A dorsal dislocation of the ulna can occur in three ways. The first is a forced pronation, the second a direct force on the ulna driving it dorsally with fixed radius and carpal bones. The third mechanism of dorsal dislocation is a direct force on the radius driving it palmarly with the ulna held in a fixed position [6].

A standard lateral X-ray can confirm the diagnosis if the X-ray is straight lateral [7]. A mild rotation of the forearm during X-ray examination will alter the position of the ulna in relation to the radius [3, 6]. Nakamura et al. [8] showed that true lateral X-rays are able to detect DRUJ dislocation with almost the same sensitivity as a computed tomography (CT) scan. Some authors suggest a lateral X-ray showing both wrists on a single film [5]. The contralateral wrist should not be suspected of a DRUJ dislocation for comparison. In one case, a bilateral dislocation was described [9]. If uncertainty of the diagnosis persists, a CT scan (preferably) or magnetic resonance imaging (MRI) will show the incongruence of the joint. It might even detect a lesion caused by the dislocation comparable to a Hill-Sachs lesion as is seen in shoulder dislocation [1].

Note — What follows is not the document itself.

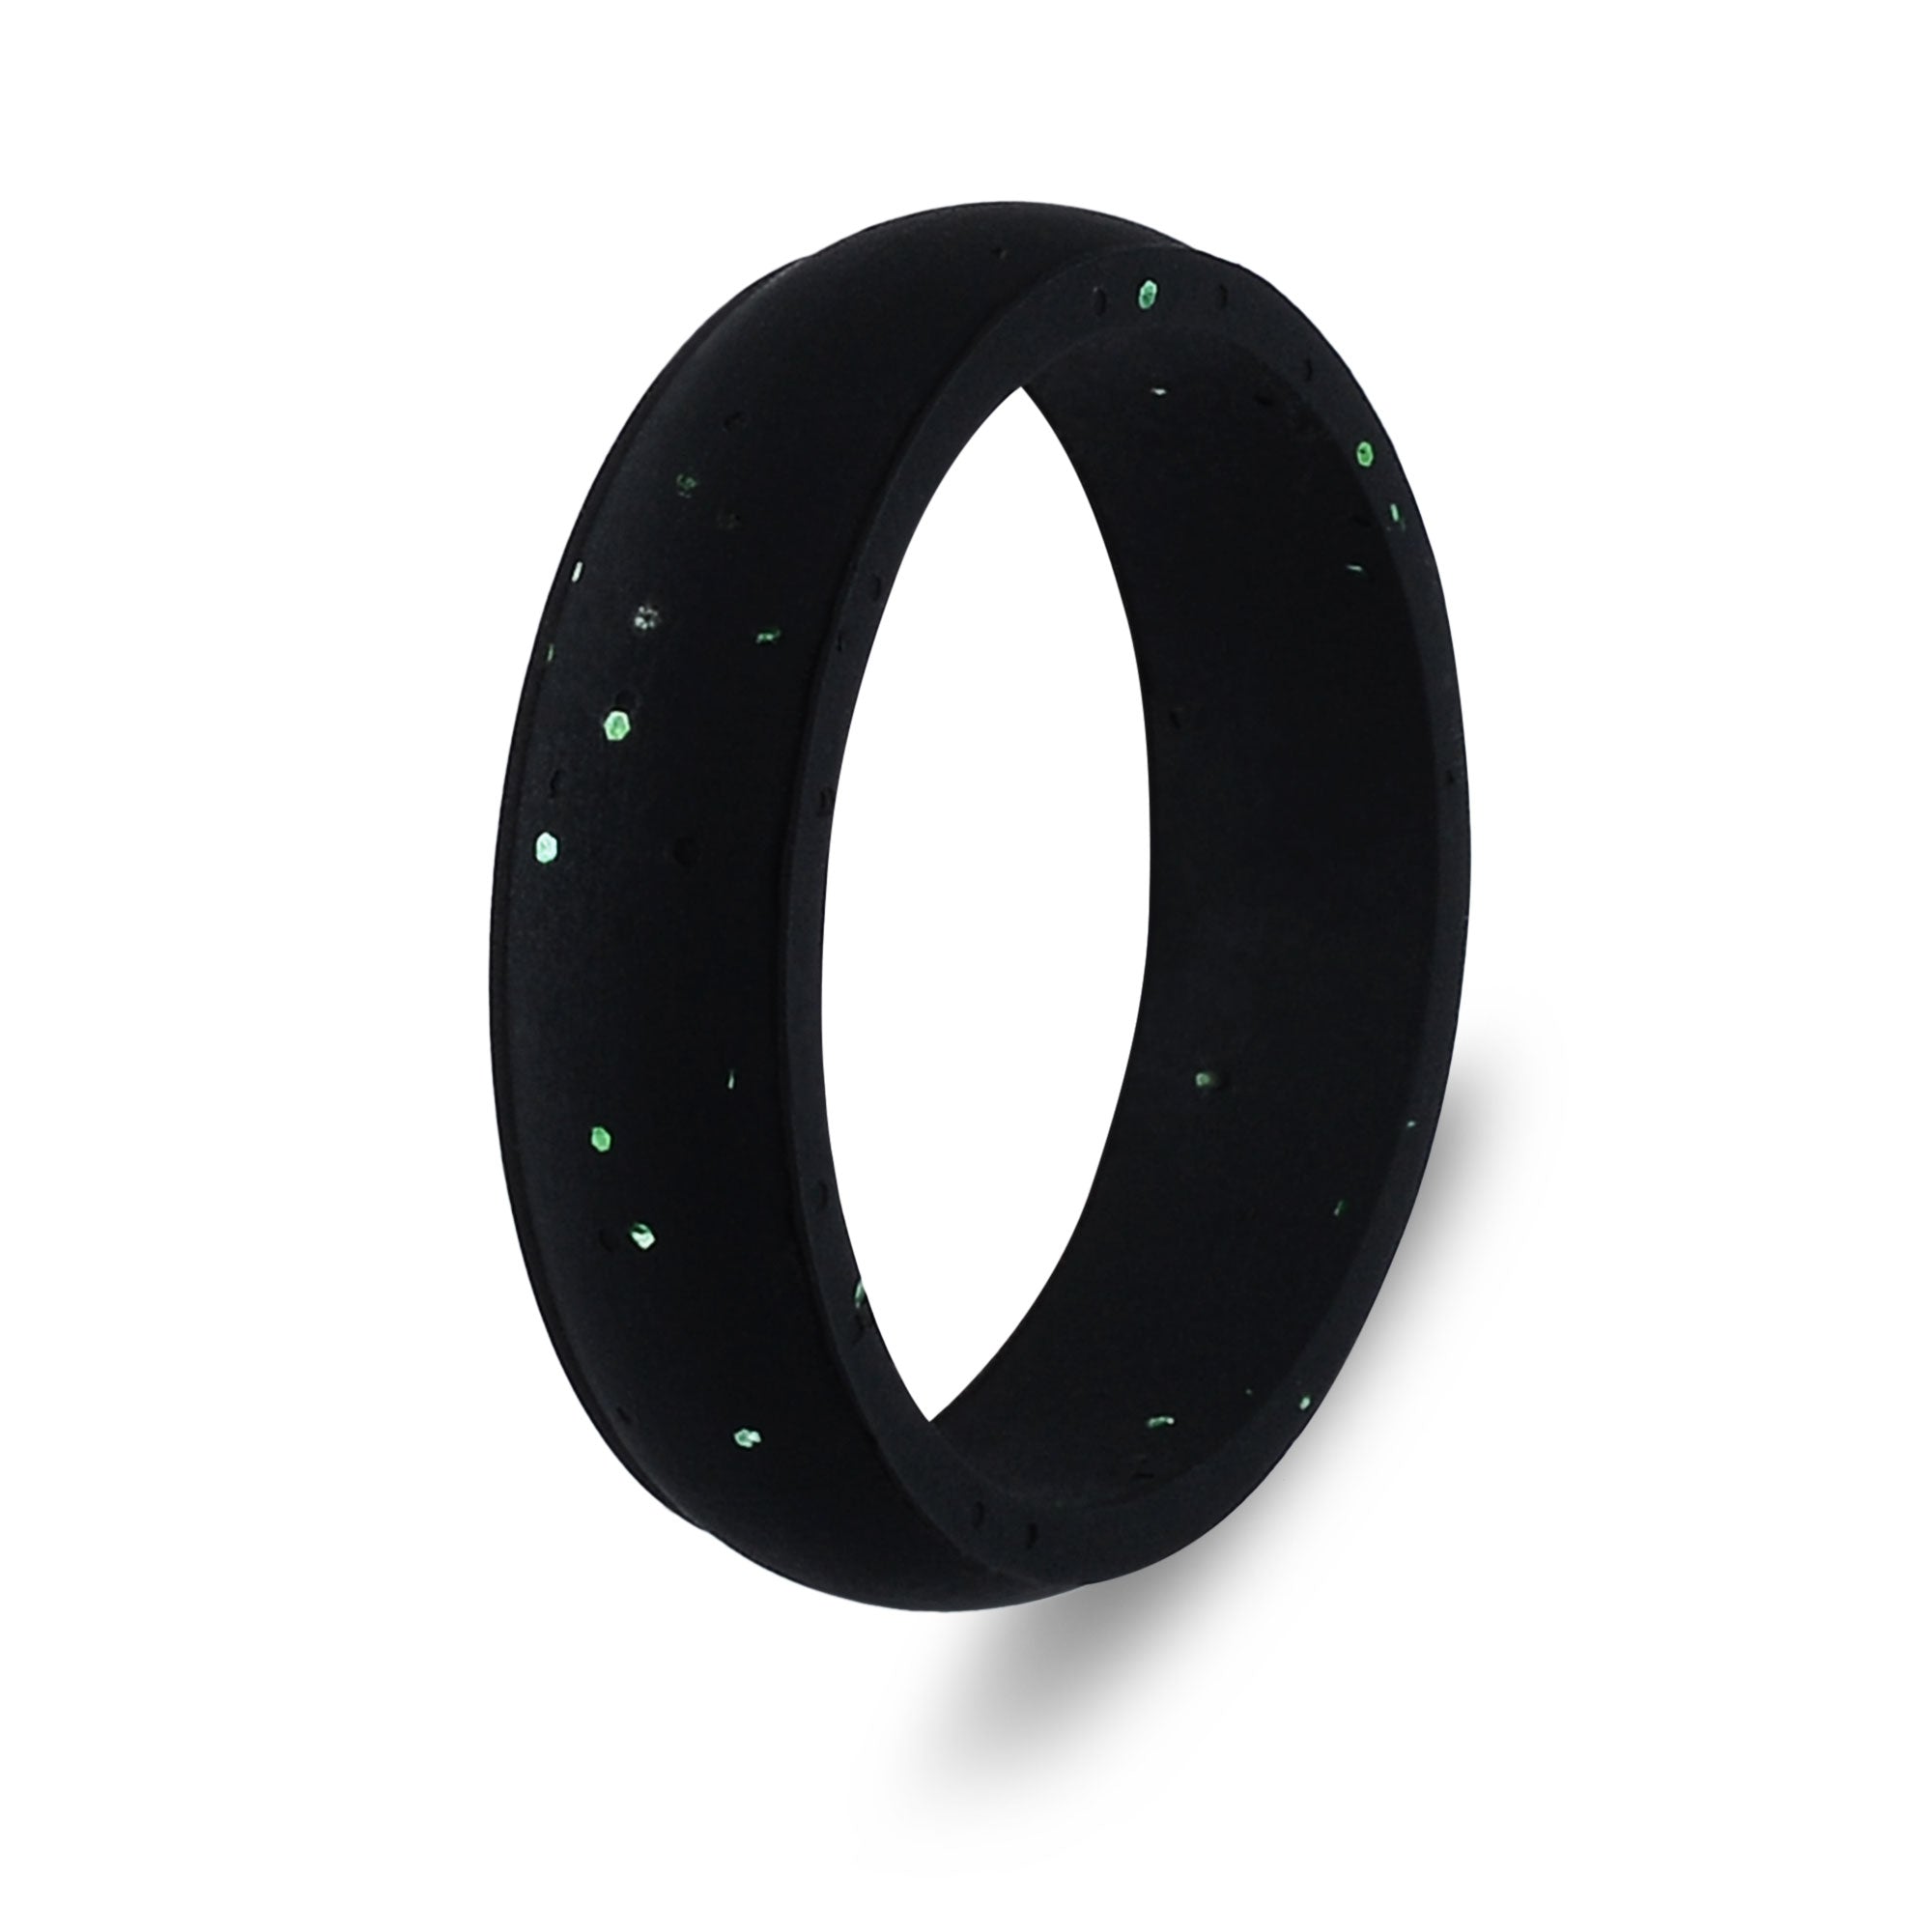 The Onyx Gleam - Silicone Ring

Acute dorsal distal radioulnar joint dislocations are routinely treated with closed reduction and an above elbow cast in supination for 6 weeks. If the dislocation proves to be irreducible even with conscious sedation or general anesthesia, open reduction in combination with repair of the TFCC is recommended [2]. If instability persists, different techniques have been described for operative treatment including the use of a double-breasted slip of the retinaculum [10] and a technique as described by Adams using a tendon graft reconstruction through bone tunnels [4].

In our case, the dorsal dislocation could be reduced under general anesthesia which justifies conservative treatment with cast immobilization. A second traumatic event showed recurrence of the DRUJ dislocation. Once again reduction could be performed, and an above elbow cast was applied. To our knowledge, this is the first report of a recurrent dislocation after successful conservative treatment.

Even if the mechanism is different, this should not affect the result of conservative treatment, as is shown in this case report.